One possibility would be to include a session ID embedded in the ID itself and error out if someone tries to use an ID incorrectly. Previously, that would have been a practical impossibility, but @rustic anvil and I have both had to deal with so many issues around IDs being unstable in the last few months (service hostnames needing stable digests, most recently the changes in Zenith Checks to replace local:// sources w/ blob://, etc.) that I'm pretty sure we could actually do that now since we already had all the plumbing in place to account for IDs having something unstable embedded in them.

#

But if I'm sharing IDs across processes, don't I expect it to be re-interpreted in a different context?

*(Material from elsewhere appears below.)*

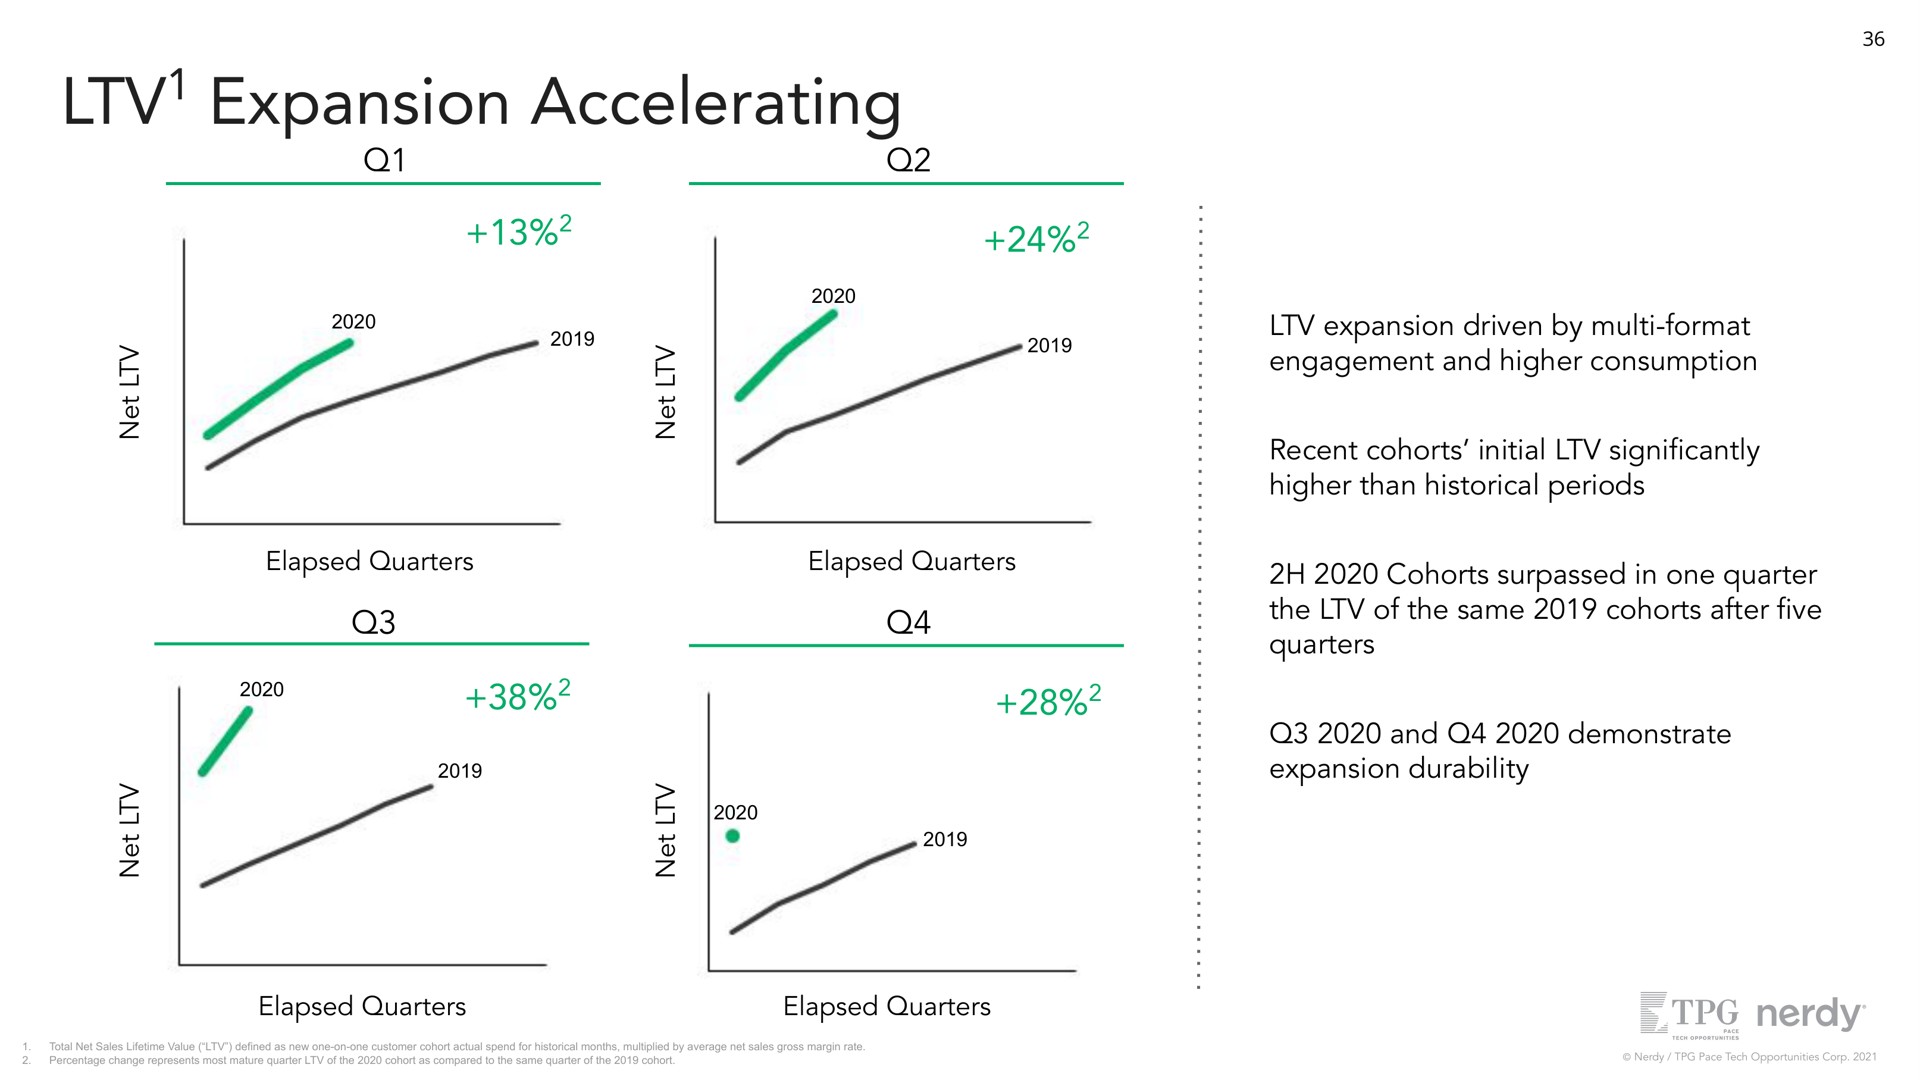 expansion accelerating elapsed quarters elapsed quarters expansion driven by format engagement and higher consumption recent cohorts initial higher than historical periods cohorts surpassed in one quarter the of the same cohorts after quarters and demonstrate expansion durability elapsed quarters elapsed quarters | Nerdy

For example host.file("foo") may return a completely different file, but that's expected - kind of like if I saved the ID to a file, emailed it to someone else, and they loaded in their own engine?

#

basically, shouldn't an ID be treated as bytecode?

#

--> https://github.com/dagger/dagger/issues/3923

GitHub

Save & load pipelines · Issue #3923 · dagger/dagger

Overview I propose adding a new feature to the Dagger API: saving & loading of pipelines. Save: snapshot the state of a pipeline, encode it as text, send it to the client Load: restore the stat...

timber zephyr Aug 31, 2023, 10:24 PM

#

quiet verge But if I'm sharing IDs across processes, don't I expect it to be re-interpreted ...

I understand the idea there, but in practice that model creates such an enormous number of problems it just doesn't work in practice.

We previously had essentially that behavior, but it resulted in concurrent local directory loads across entirely different clients running on different hosts (connected to the same remote engine) to be de-duplicated, which is really really bad to say the least and caused a big fire for us to put out 🙂

We patched that by including the unique client session ID in the local dir ID (and then patched on top of that all sorts of workarounds to account for the fact that the ID was now unstable, which had lots of side effects on various digests).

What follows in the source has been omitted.